● **AVAILABLE DATA**
****

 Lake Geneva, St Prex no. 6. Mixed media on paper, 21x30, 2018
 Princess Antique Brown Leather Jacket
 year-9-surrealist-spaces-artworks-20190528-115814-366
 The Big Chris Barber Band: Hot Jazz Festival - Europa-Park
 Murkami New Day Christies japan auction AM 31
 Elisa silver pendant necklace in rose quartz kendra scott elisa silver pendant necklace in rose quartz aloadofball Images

****

● **TASK PROMPT**
Return all the lines shown above, word for word.

● **RESPONSE TO THIS TASK**
 Lake Geneva, St Prex no. 6. Mixed media on paper, 21x30, 2018
 Princess Antique Brown Leather Jacket
 year-9-surrealist-spaces-artworks-20190528-115814-366
 The Big Chris Barber Band: Hot Jazz Festival - Europa-Park
 Murkami New Day Christies japan auction AM 31
 Elisa silver pendant necklace in rose quartz kendra scott elisa silver pendant necklace in rose quartz aloadofball Images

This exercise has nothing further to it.